What the task requires » Output the listing exactly, without its pictures.

== Data segment

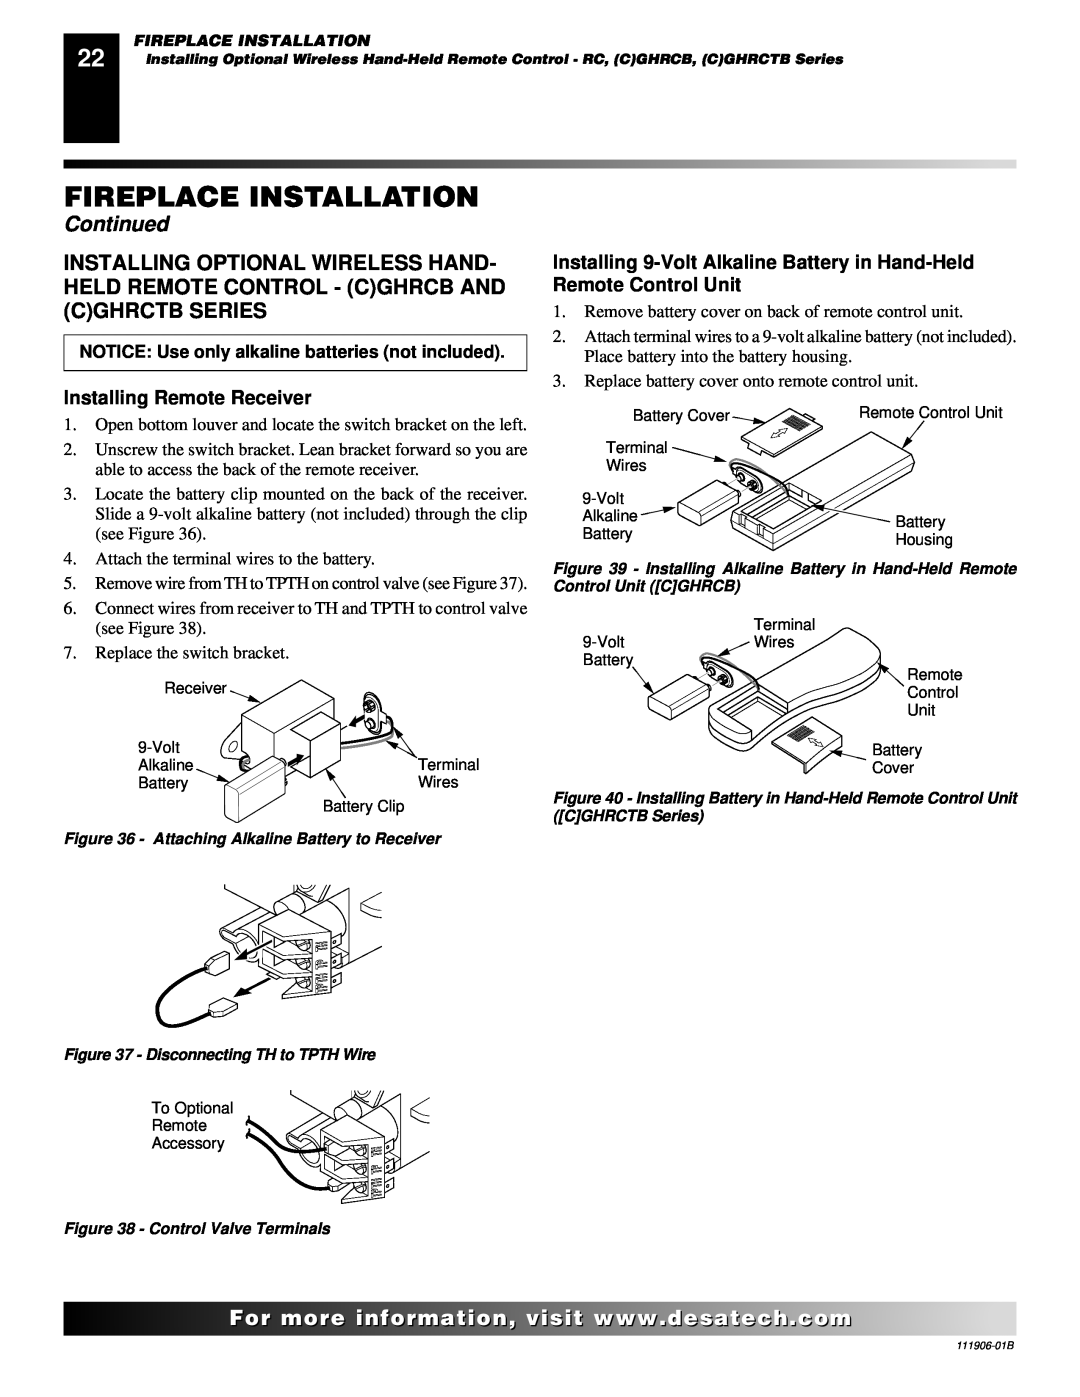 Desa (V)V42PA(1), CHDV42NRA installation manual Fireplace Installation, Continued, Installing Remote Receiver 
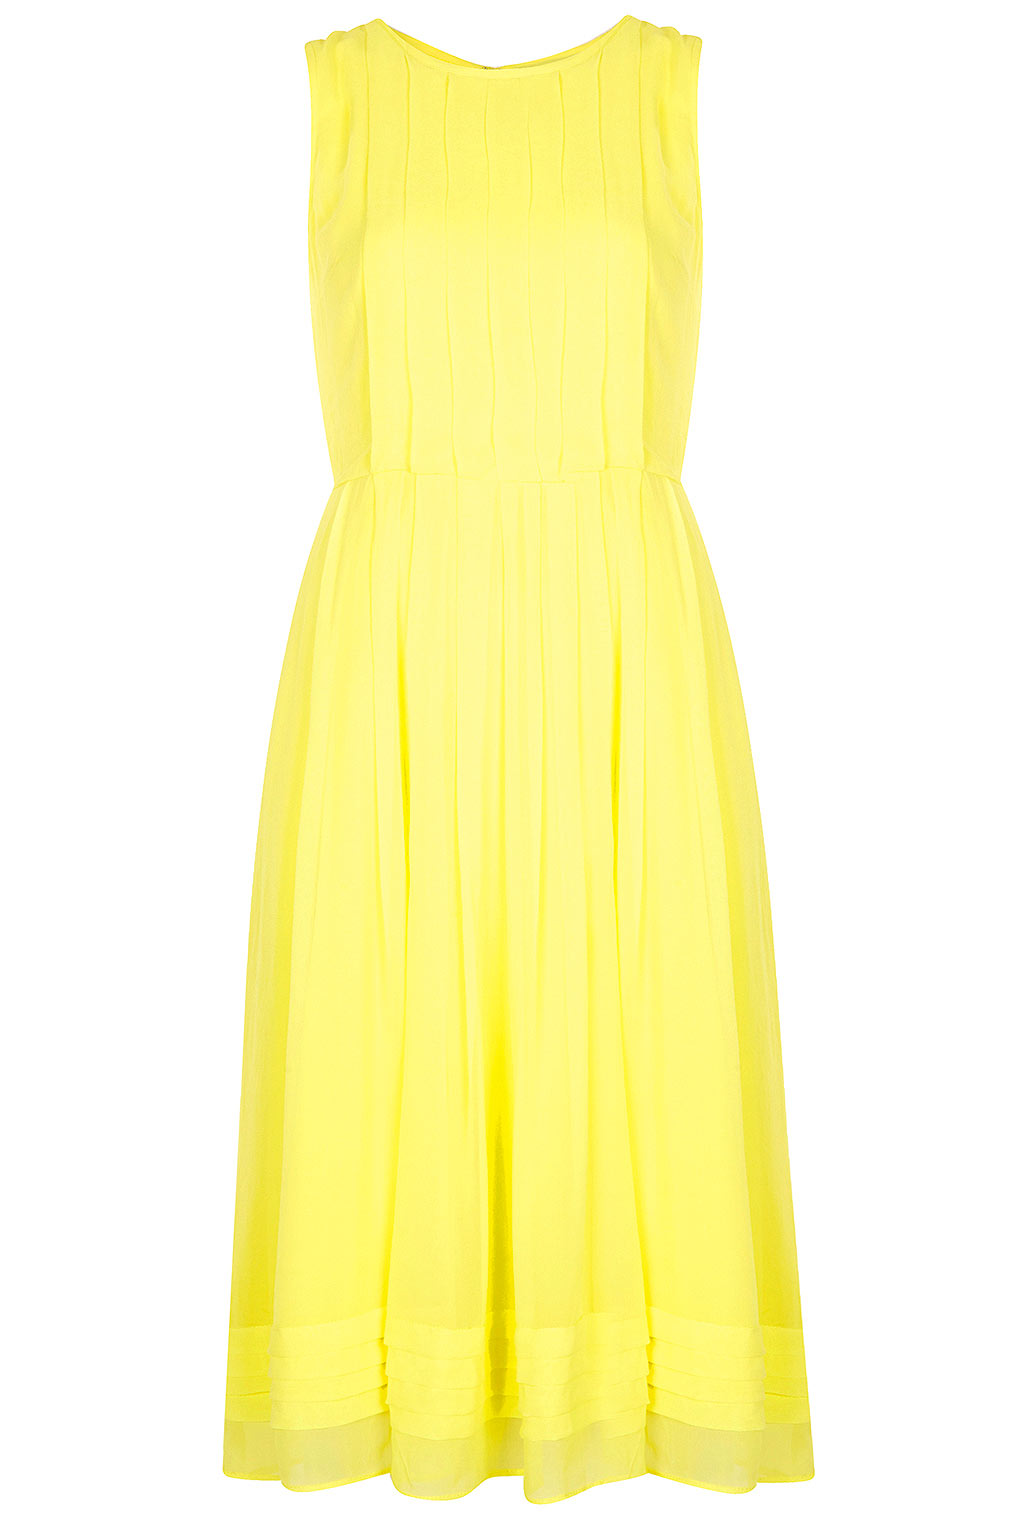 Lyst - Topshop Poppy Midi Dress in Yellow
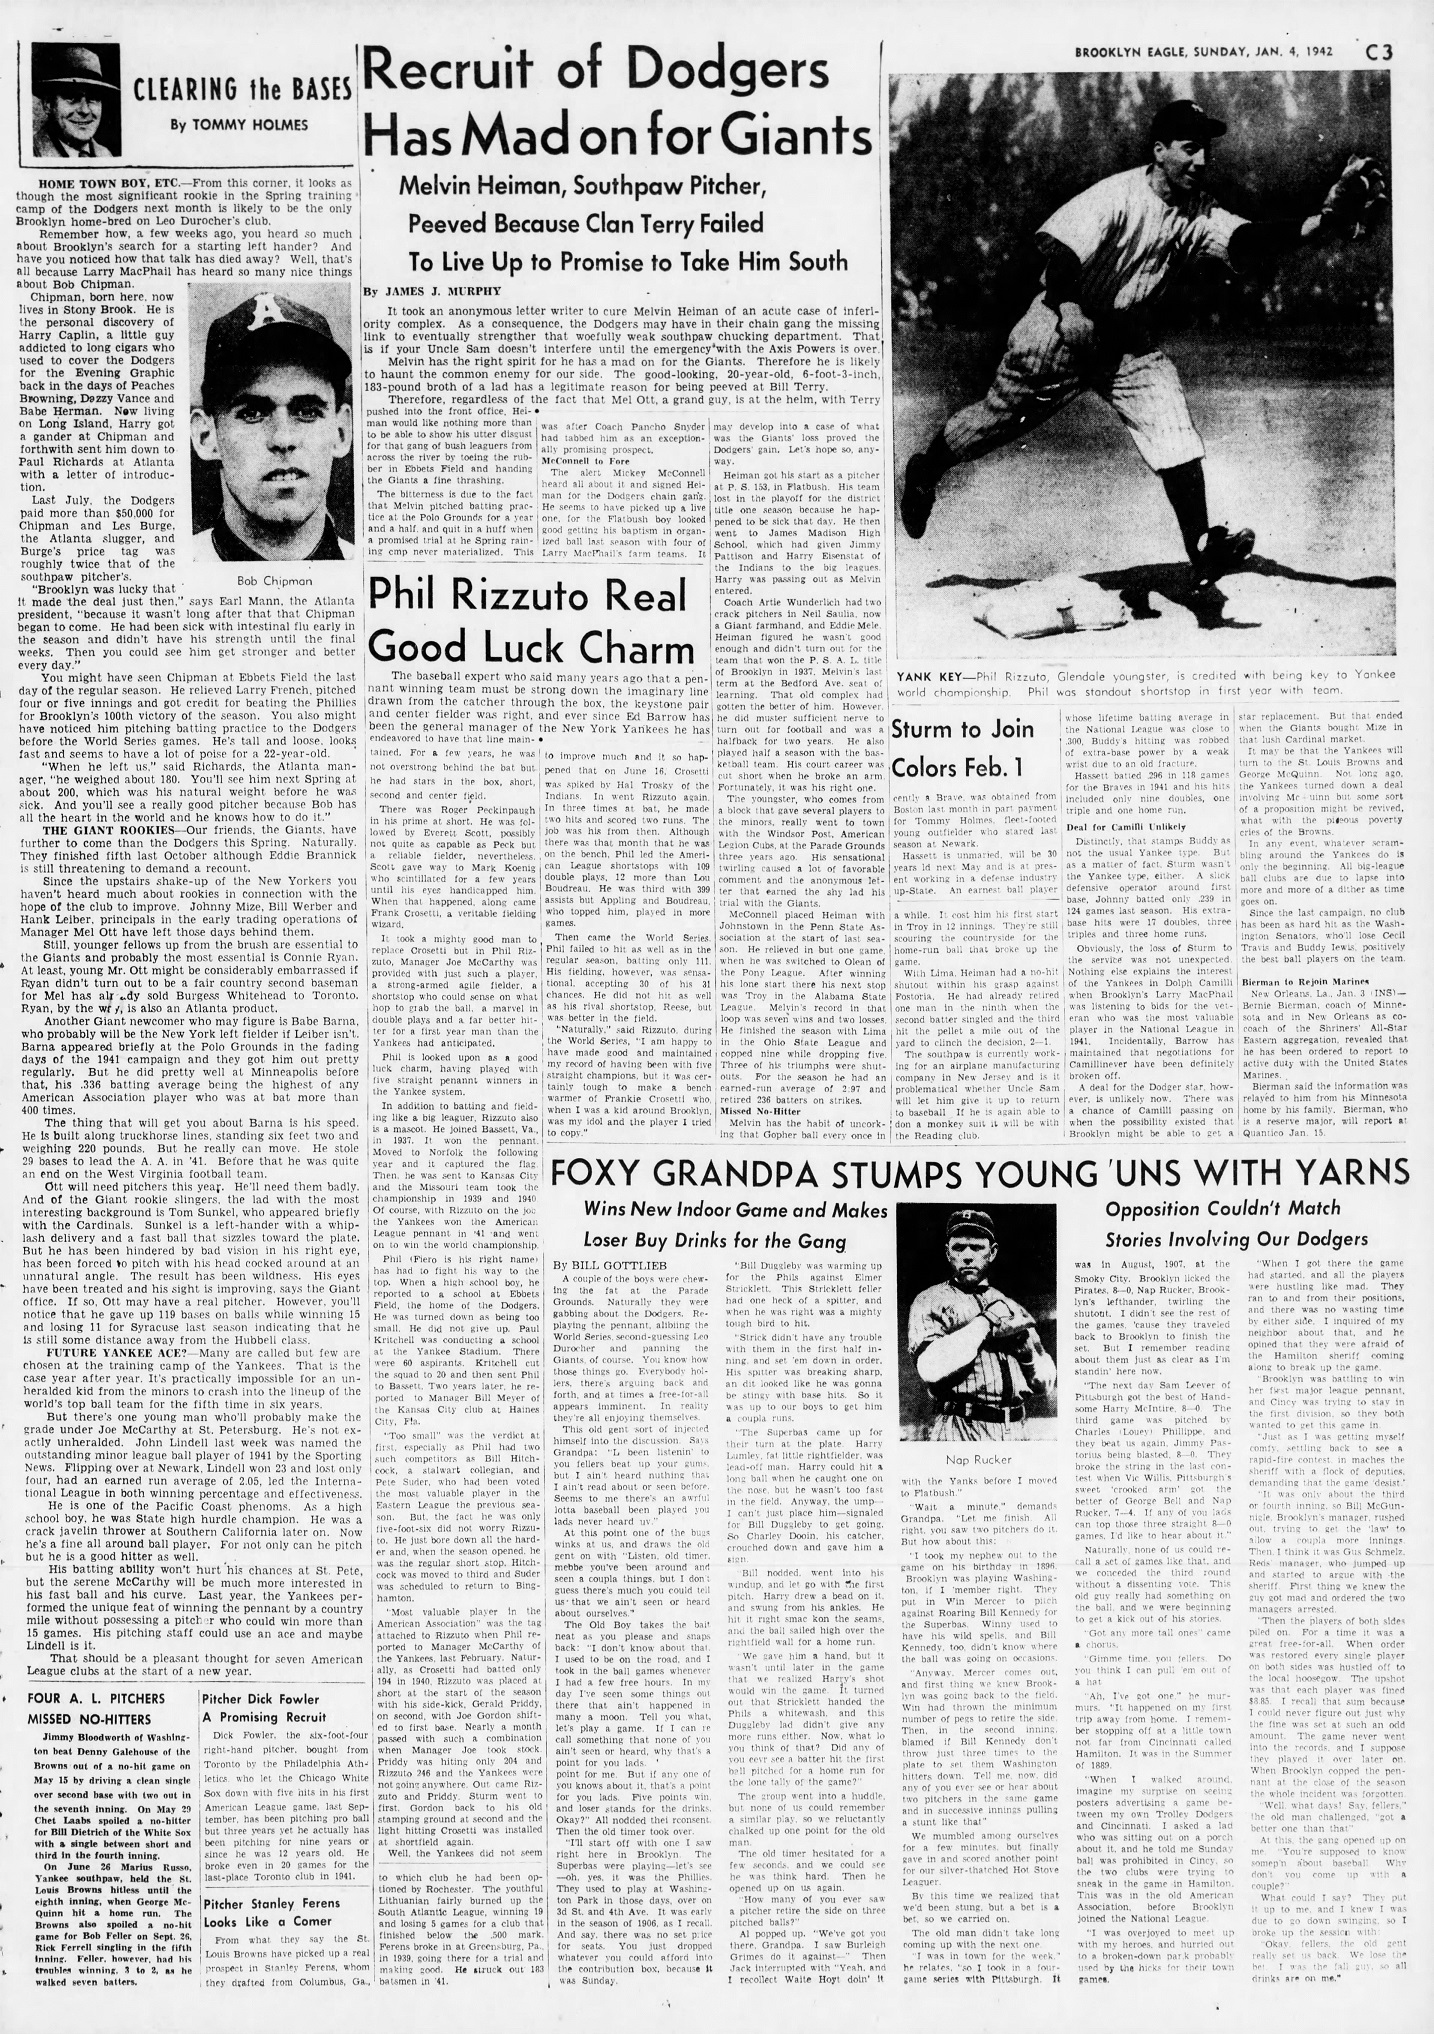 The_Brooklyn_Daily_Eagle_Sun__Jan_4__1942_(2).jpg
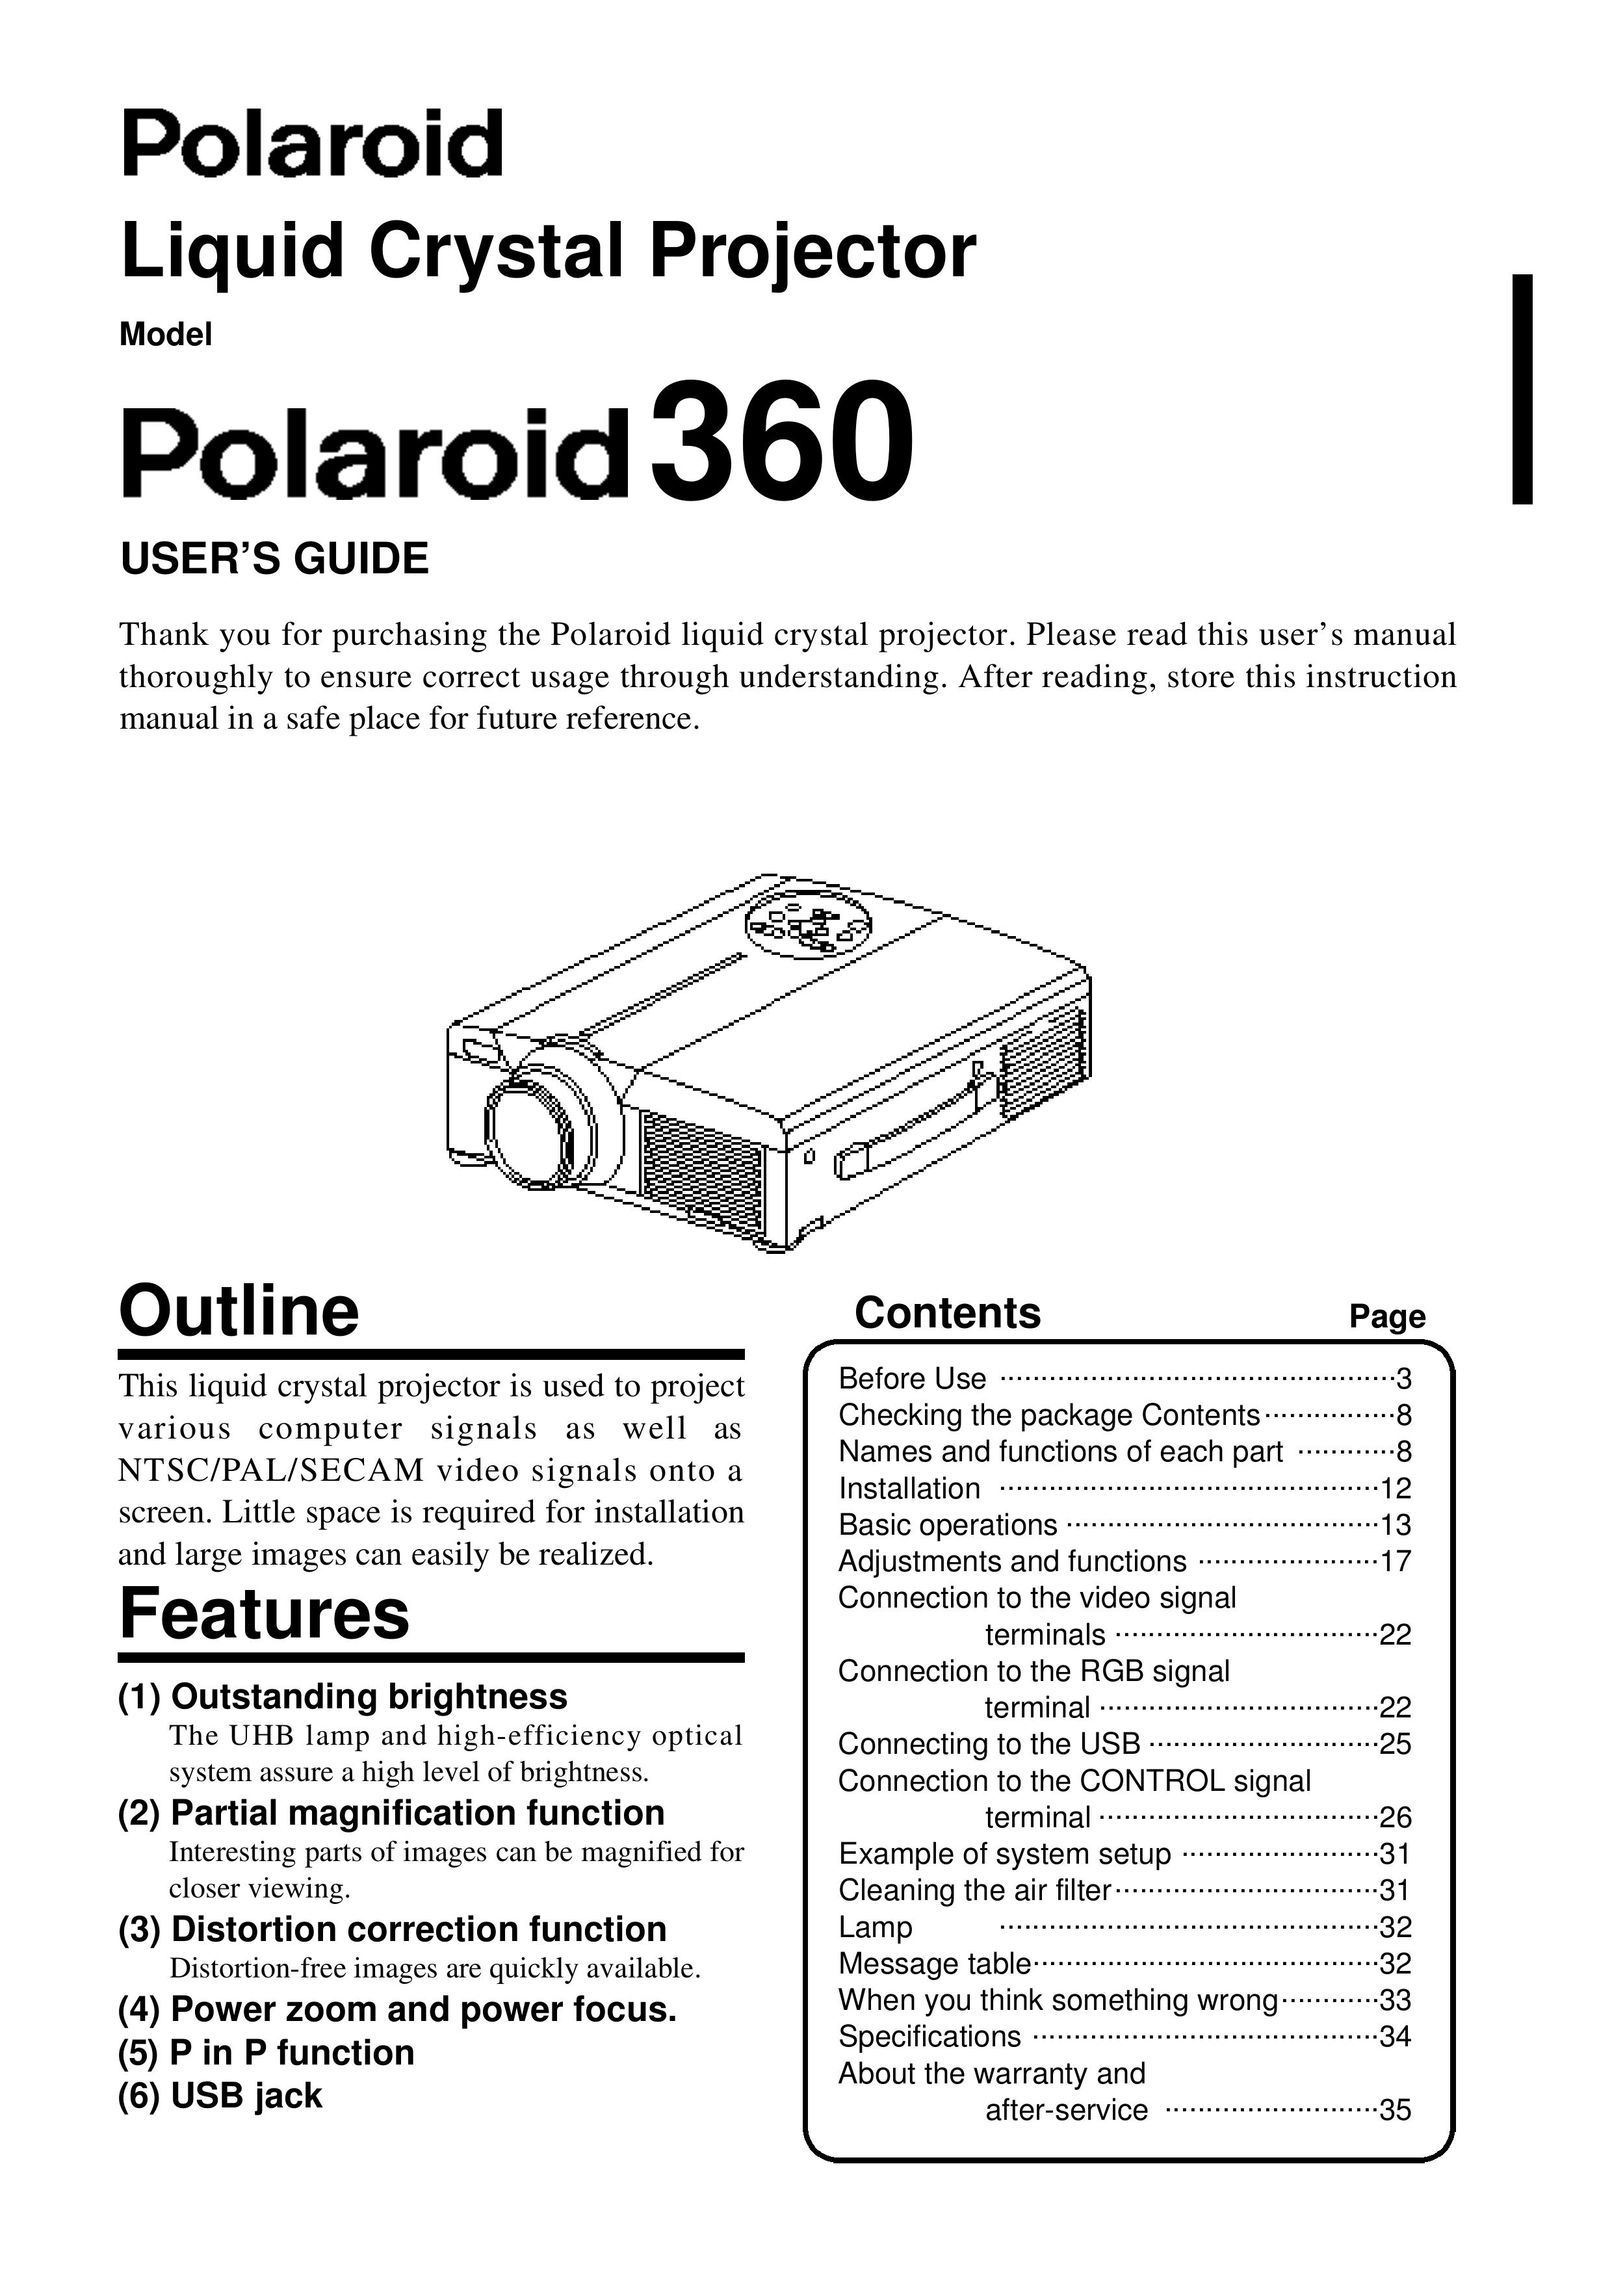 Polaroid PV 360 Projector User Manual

====

Exercise output »
 Desa (V)V42PA(1), CHDV42NRA installation manual Fireplace Installation, Continued, Installing Remote Receiver 
 Lyst - Topshop Poppy Midi Dress in Yellow
 The_Brooklyn_Daily_Eagle_Sun__Jan_4__1942_(2).jpg
 Polaroid PV 360 Projector User Manual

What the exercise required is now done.